Unknown to me at the time was that Jonathan was in the grips of an overwhelming teenage male imperative: find a female to fuck. As a virgin eighteen-year-old, this was compounded by the second male imperative: find a female now! Unfortunately, like other young men of his age, the internet and the ubiquitous YouTube provided my son with a wealth of graphic how-to-do information on seduction and various sexual acts.
Even more unfortunate was that the only female who was readily available was me. It never dawned on me that Jonathan had locked on me like a sex-seeking missile and I never stood a chance of escaping. Like Kenny, my first lover and Jonathan's biological father, my love child was a chip of the old block - an irresistible force that I would be unable to resist or deny.
In retrospect, I had to give Jonathan credit. He didn't come on with a heavy rush but instead opted to patiently bide his time. His chance came when Bruce and Andrew went hunting for a long weekend on another island. Jonathan begged off, saying that he'd stay behind to "take care" of his mother which I found curiously endearing at the time.
This was because my marriage with Bruce had hit a rocky period (one of many) punctuated by his "boom-boom" bed sessions (which is a nice way of saying marital rape) the evening before his departure. Work and my familial demands prevented me from running home to return to the open arms and ever-hard penis of my brother, Kenny. As a result, I was feeling very despondent and in need of some time apart from Bruce.

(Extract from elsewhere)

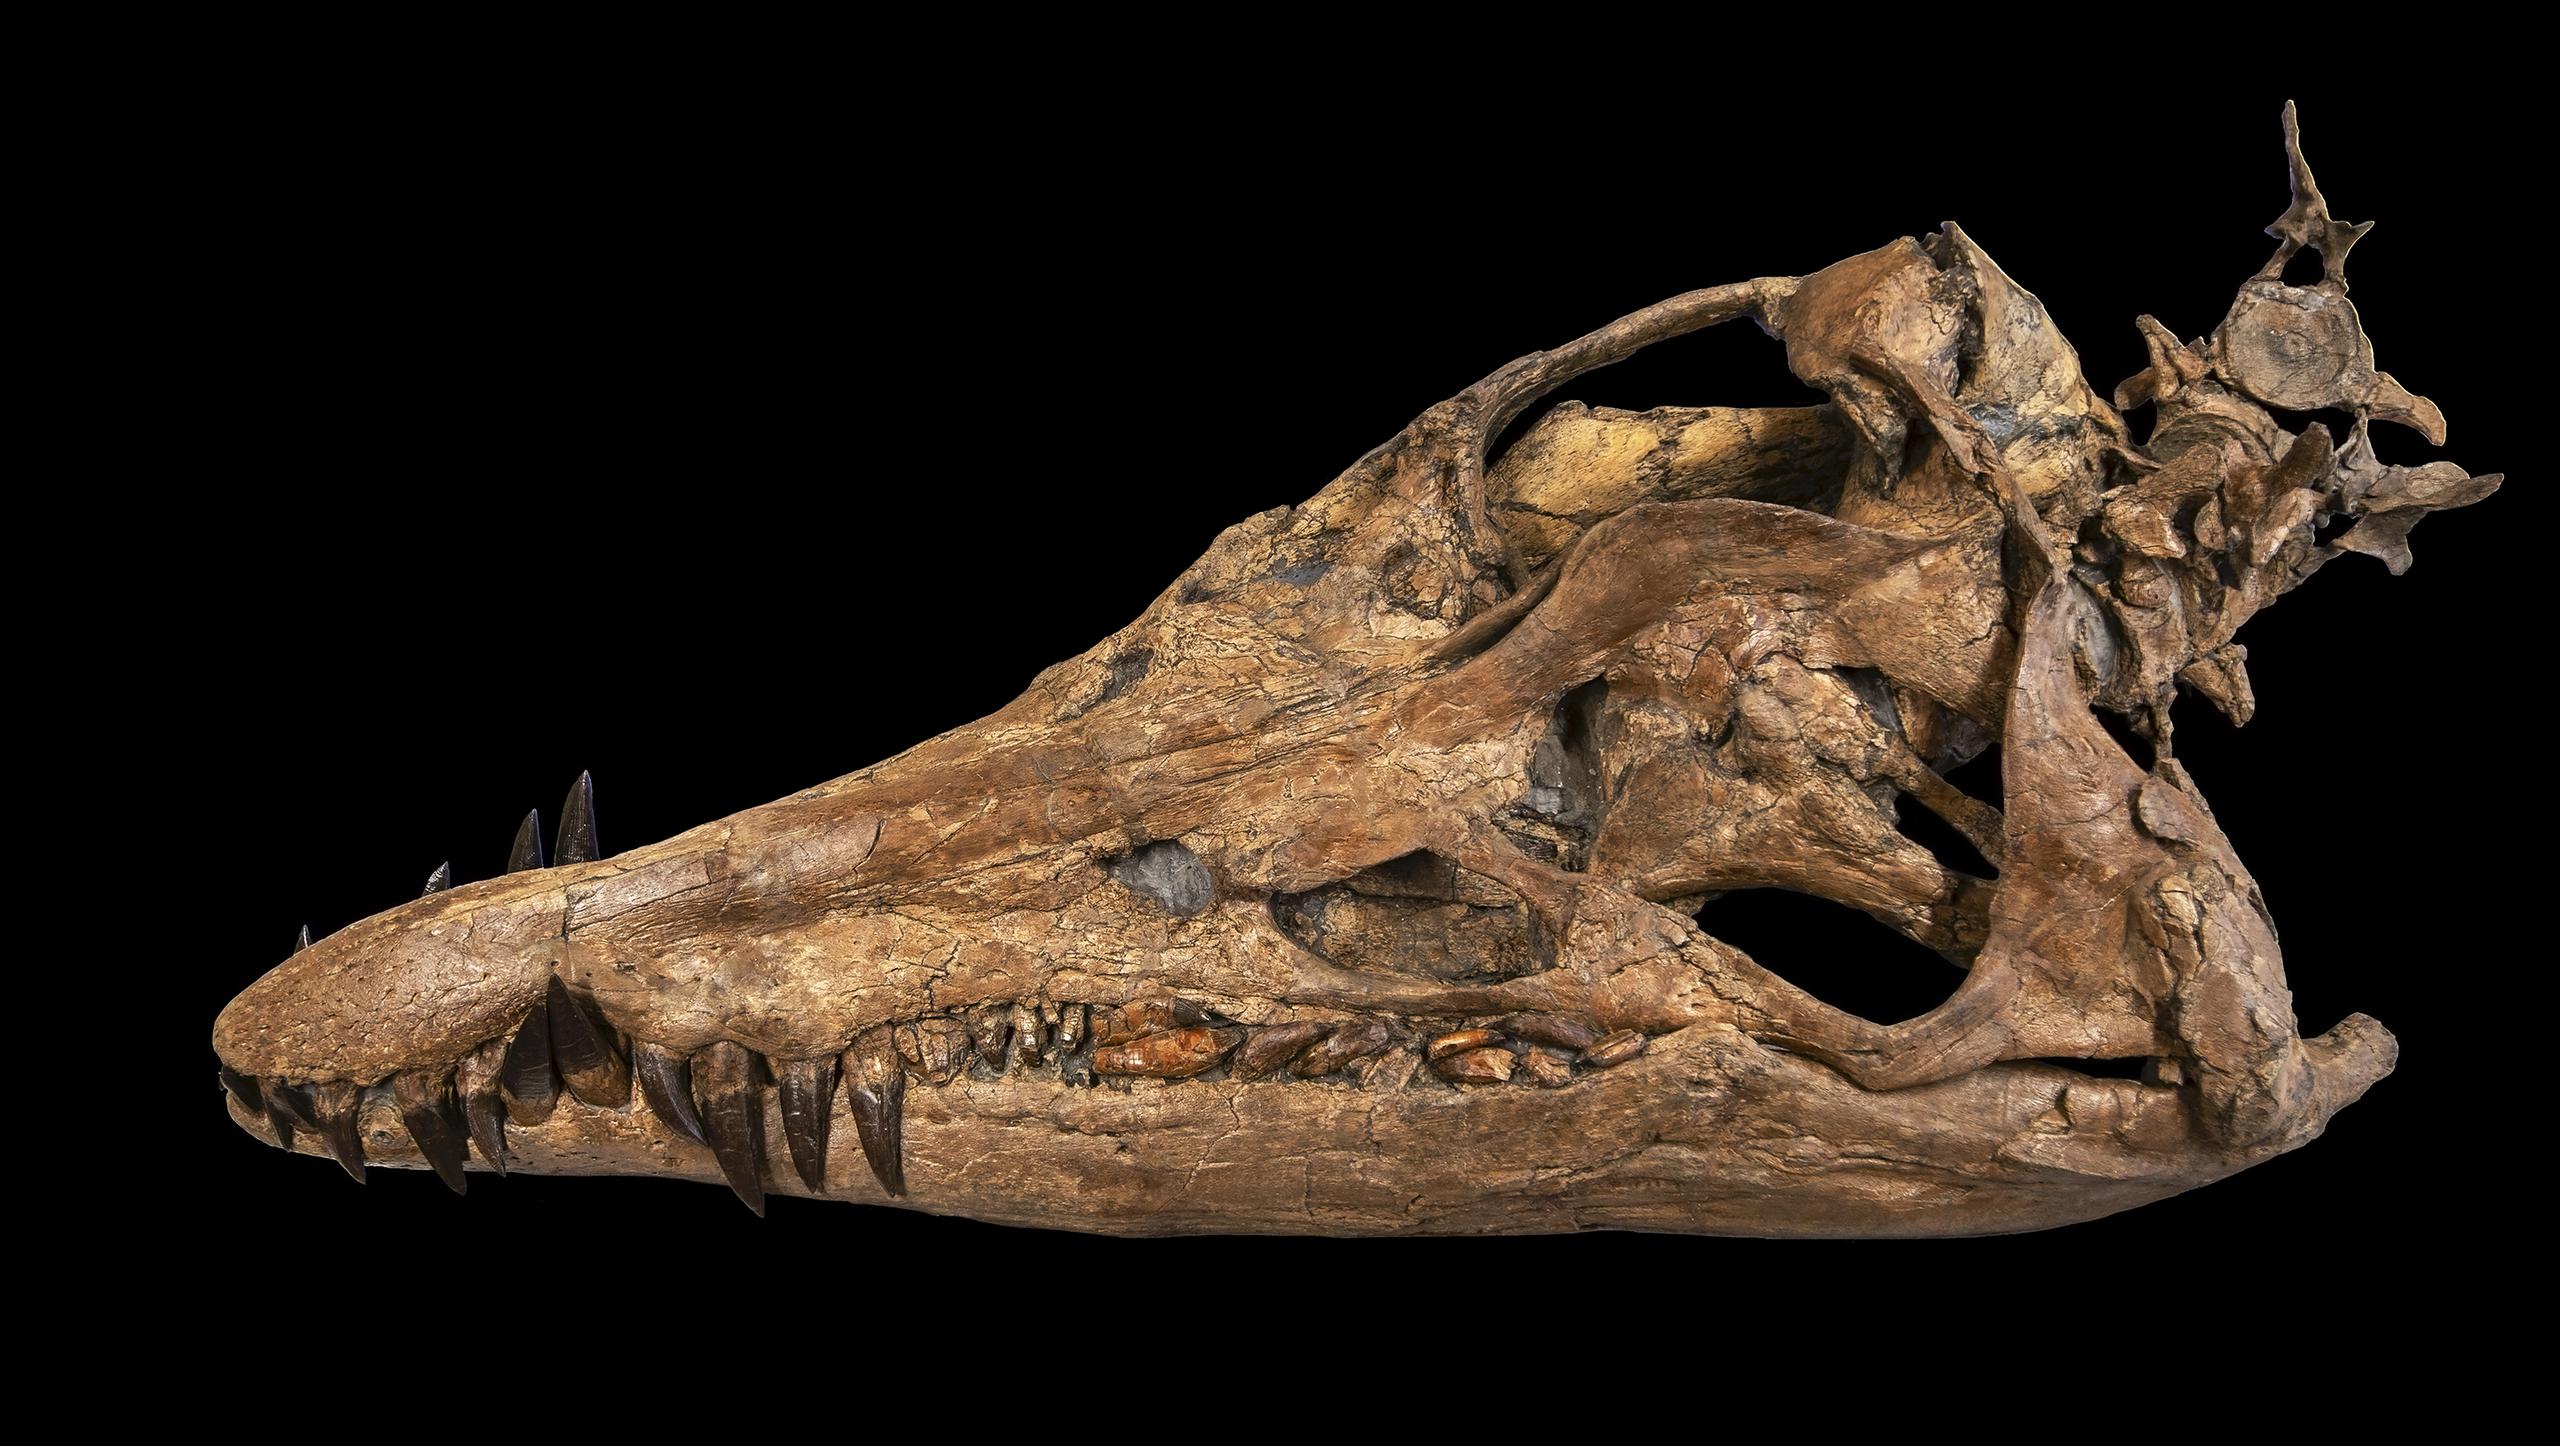 Los restos de este pliosaurio fueron hallados de manera fortuita por Phil Jacobs, durante un paseo por una playa de la localidad de Kimmeridge, en Dorset.

I felt an immediate sense of relief when I dropped Bruce and Andrew at the airport. By the time I returned home, I was caught up in a somber depression about what to do in my life. I knew that if I could somehow make it home to Kenny, I would have that large dose of loving care and tender intimacy that I craved for in the pit of my stomach. In my despair, I yearned for the downright randy incest that had always been the proven remedy to sooth my state of unhappiness with Bruce.
As was my habit, I went straight to my bedroom to immediately begin changing into the loose smock that I normally wear around the house. I was so absorbed with my thoughts that I was unaware of Jonathan standing in my bedroom doorway, watching me take off my work clothes and shimmy out of my pantyhose under which I never wore panties. It wasn't until I undid and discarded my bra that I became aware of Jonathan's presence.